Review of Afonya

Afonya (1975)
9/10
Plumb full of quality
6 April 2014
Warning: Spoilers
This is the second film I've seen of Daneliya; I sought it out after I saw Kin-Dza-Dza. This film is fantastic too, in very very different ways, but it seems to have a similar sentiment of humorous cynicism covering a serious hope at a center for human kindness. This makes for a tone that's both tragic and comic, and a film that's sincere but not doe-eyed.

As a the one-name title might suggest, this is not a plot-heavy film but a character piece about Afonya, a hero who seems to be making himself into a nobody. He gives the impression of a man doing everything wrong in his life -- demanding apprentices at work only to dismiss them immediately, insulting his boss, leaving a house to flood because he doesn't want to do overtime, causing his girlfriend to leave him by bringing home drunk strangers only to chase women who are uninterested in him and ignore the one who is.

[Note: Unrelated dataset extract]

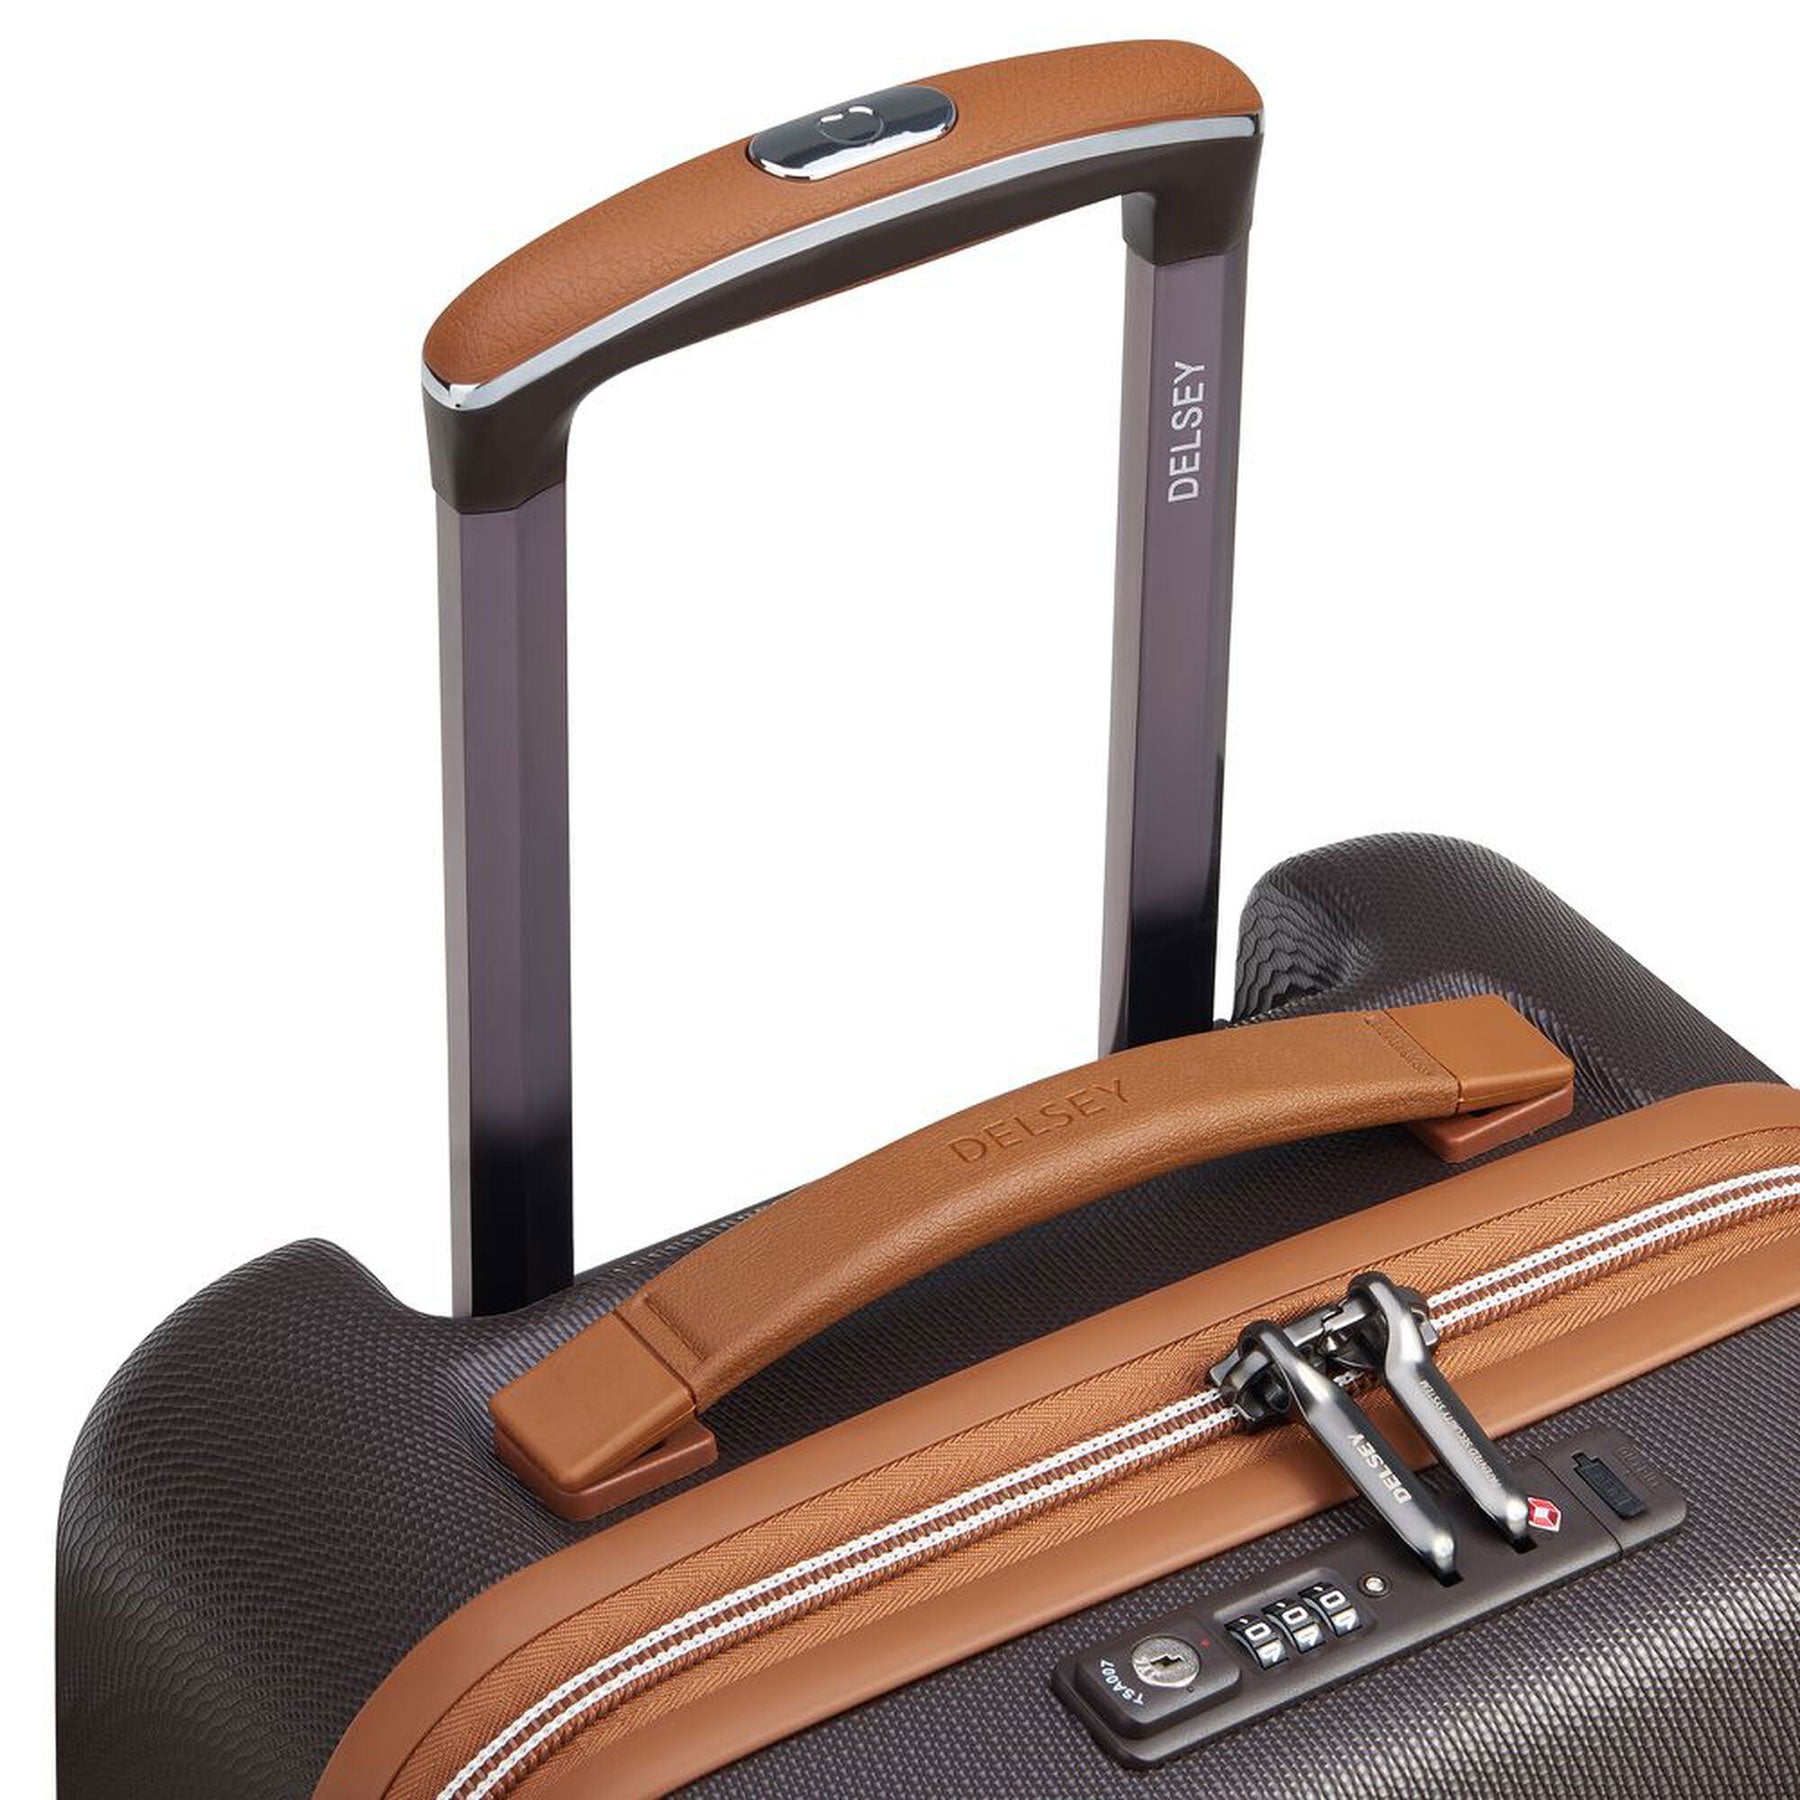 Delsey Chatelet Air 2.0 International Carry-on Spinner Upright
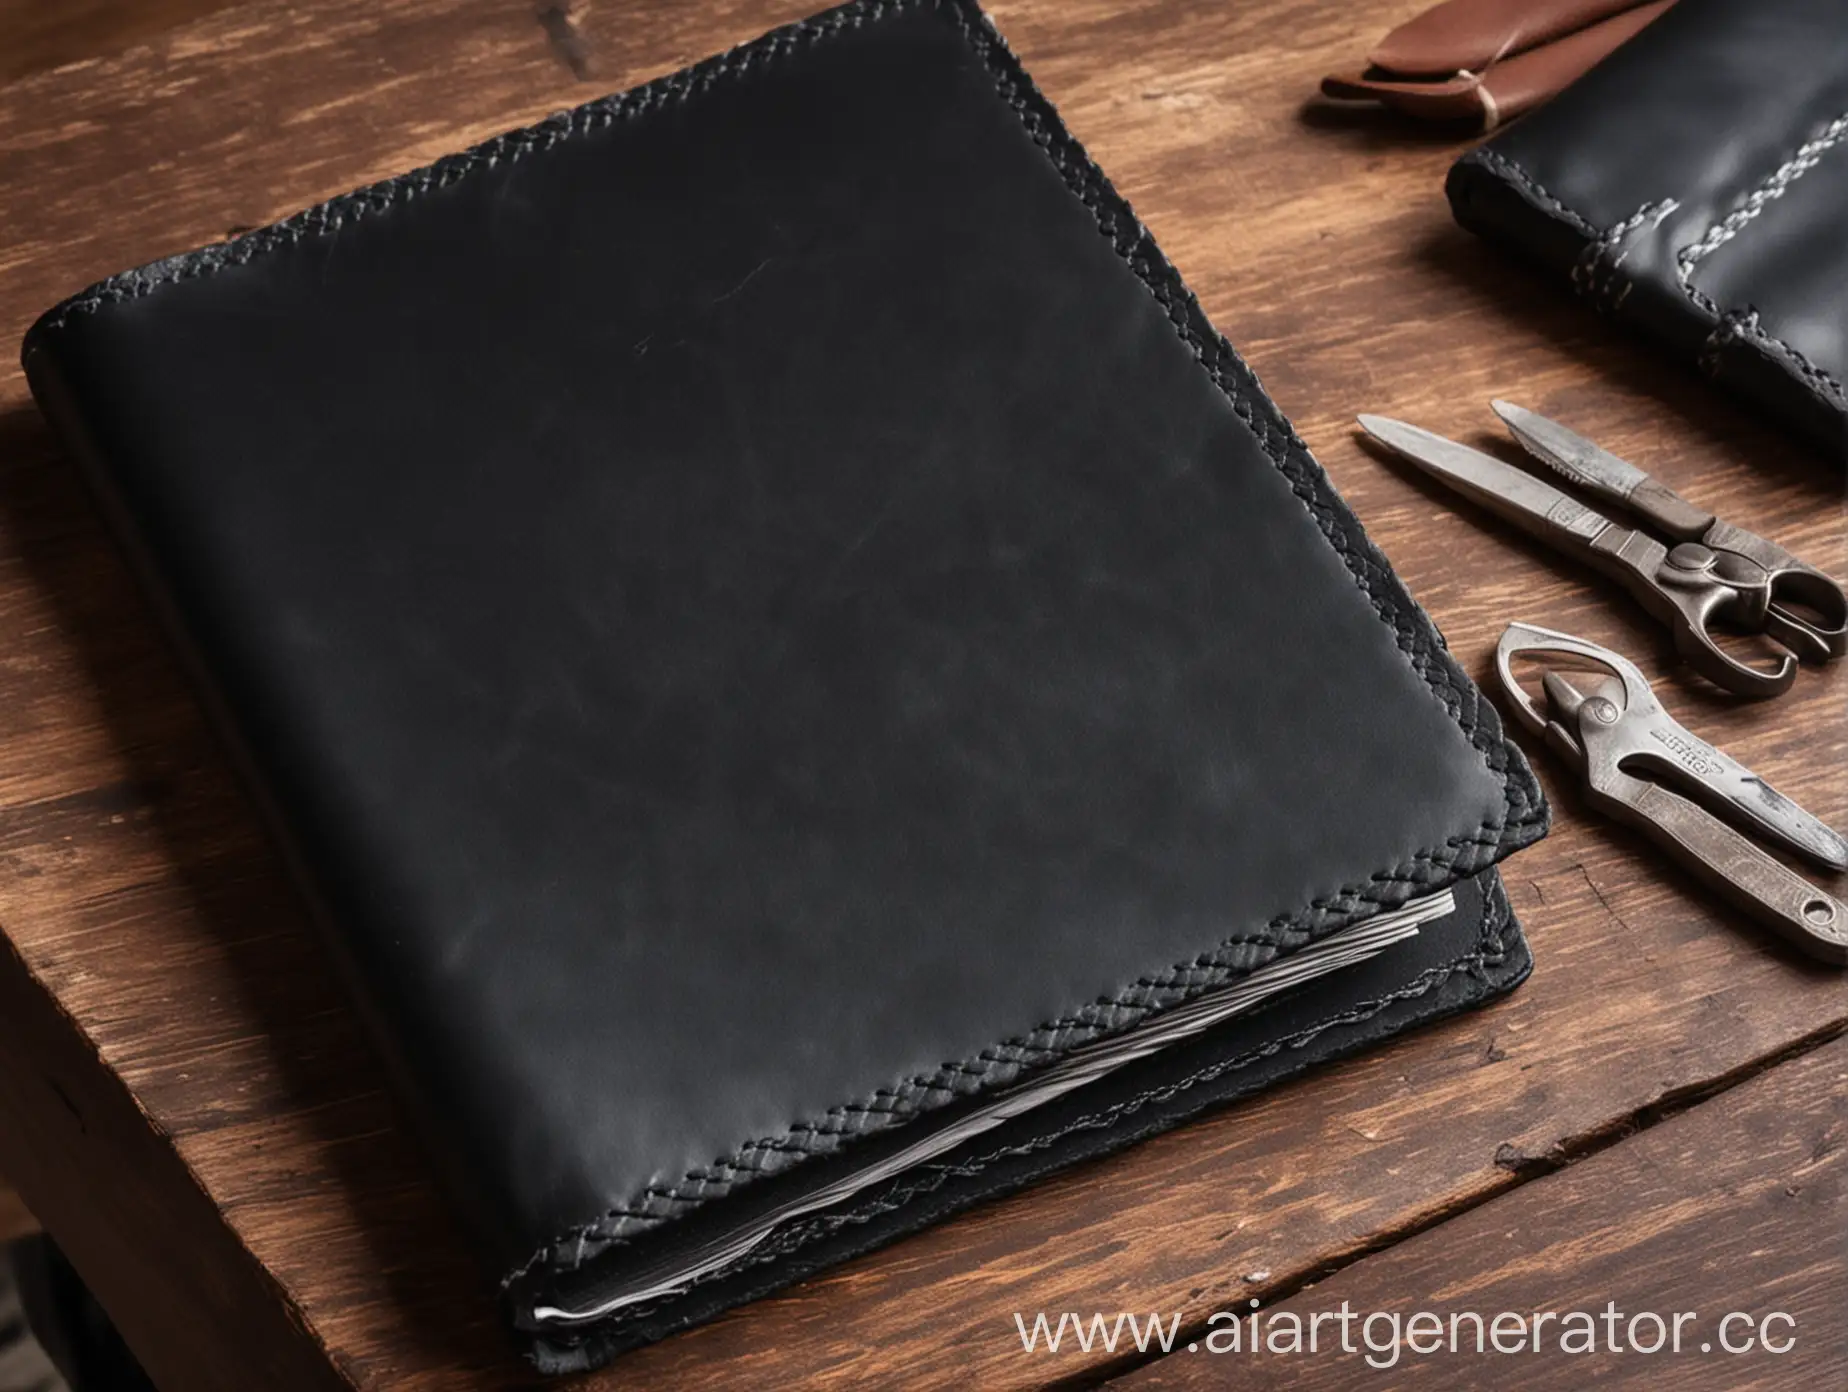 CloseUp-of-Handcrafted-Black-Leather-Passport-Cover-with-Seam-Detailing

And as he gets everything wrong for himself, he does it in a very funny way. And destructive as his actions may be, they are shown us in a tone perfect to make him seem likable and a bit pitiable rather than despicable. And slowly, with an imperceptible transition, we realize that he's not just getting everything wrong in his life, but that he;s just extremely depressed and indifferent.

Things get as sad as they can for our hero -- as he comes home to the aunt who raised him to find that he she is dead and realizes his own callousness at never writing him -- before they end with one bright glint of home.

Very fine and sensitive writing, acting, and directing to achieve the counterpoint of tone here -- the film is both very funny and very sad, the hero is both terrible and very likable. Very simple in its way but no small achievement.